While all of this is going on in the present, we’re treated to flashbacks that are weak even by Revolution standards. That’s because in addition to meaningless content, they’re plagued by the gravest sin of them all – bad child actors. After the blackout, young Nora takes care of Mia, protecting her from a brutal home invasion and keeping their mother’s death a secret. When Nora and Mia make it to their father’s house, Nora is forced to admit the truth. There’s no reason for any of this, except maybe to explain why Mia has a stupid grudge against Nora. When you were kids, your sister lied to you about your mom being horribly murdered. Yeah, what a monster.

But yes, Mia does betray Nora, and while she uses the “you lied to me first” excuse as justification, she swears she never really had a choice. A bounty hunter, Mia has been working for Strausser, and she was ordered to secure Miles and the necklace in exchange for her and Nora’s freedom. Nora is appropriately pissed and runs off, telling Mia not to follow her. She returns to stop Strausser, who apparently didn’t realize that Nora is super noble and incapable of abandoning her friends in their time of need.

Nora arrives just in time and manages to save everyone. Alas, there is no swordfighting. The team escapes – again, without much trouble – although they do have to jump into a rather intimidating river.

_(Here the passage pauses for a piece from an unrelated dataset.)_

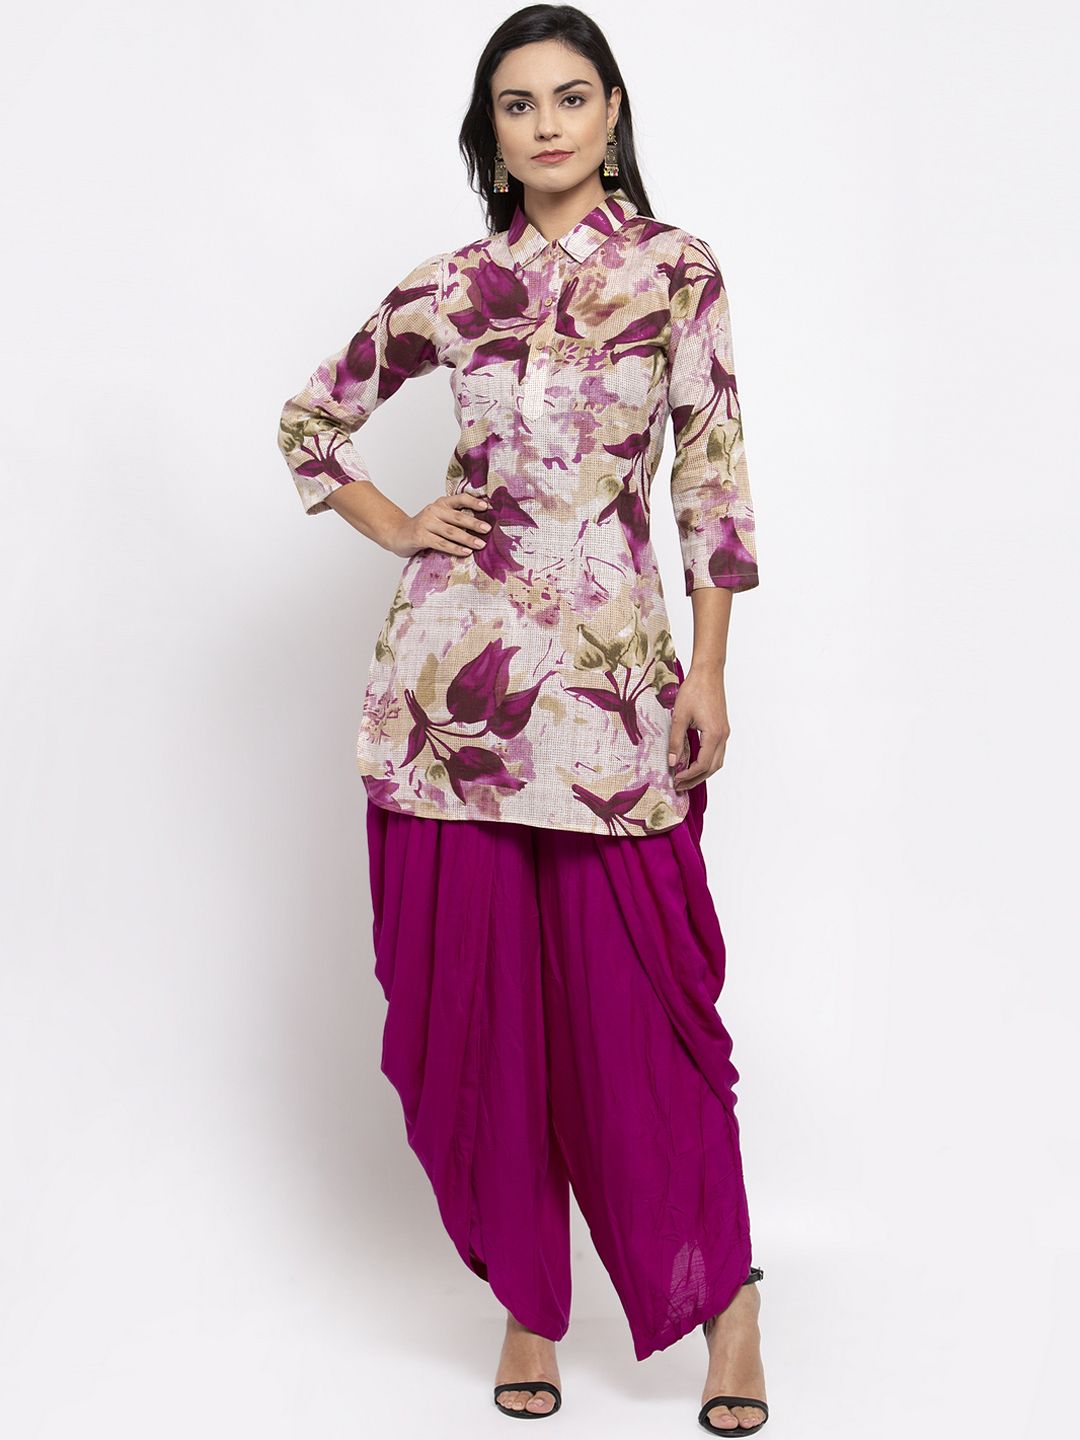 Jompers Women Purple & Beige Floral Printed Kurti Price in India

This isn’t the first time Revolution has felt as though it’s spinning its wheels, but there’s something particularly egregious about “Ties That Bind.” It’s an episode in which a couple forgettable fights can’t distract from the fact that nothing is happening. Aside from Nora’s new trust issues with her sister, we’re right back where we started. OK, minus the necklace, which Mia was able to snag from Aaron and deliver to Strausser.

Oh, and there’s a whole bit about Neville and Monroe. Monroe beats the crap out of Jason for trying to find Charlie, then threatens to send him off to the wastelands of California. (It’s not so bad, guys. You can make right turns on red lights!) Neville’s wife Julia ends up saving the day by shifting the blame to someone else entirely – turns out Col. Faber’s son is a rebel. Monroe executes the young man along with his rebel friends and proceeds to have Faber beaten within an inch of his life. All’s well that ends well!

To be fair, the drama within the Militia is more interesting than anything that’s going on with Miles, Charlie, Nora, or Aaron. It’s still not all that compelling, but at least it seems to be going in some sort of direction. Near the end of the episode, Julia suggests that Monroe is no longer fit to lead, potentially setting up a coup by Neville. I care only insofar as this would give Giancarlo Esposito more to do, but it’s nice to see Julia stepping up her game. There are interesting parallels between Julia and Rachel, two women who sacrifice friends in order to save their sons.

Speaking of, Rachel now has to figure out whether to help Monroe activate his magical pendant or to find a quick way out of Philadelphia. The latter seems next to impossible, especially if she wants to keep Danny at her side. I’m interested in Rachel’s conflict and the moral ambiguity of her position, but I’m not convinced Revolution will find a way to pull this off. Just when I think the show is about to get interesting, it starts spinning in circles. That’s not the kind of revolution we’ve been promised.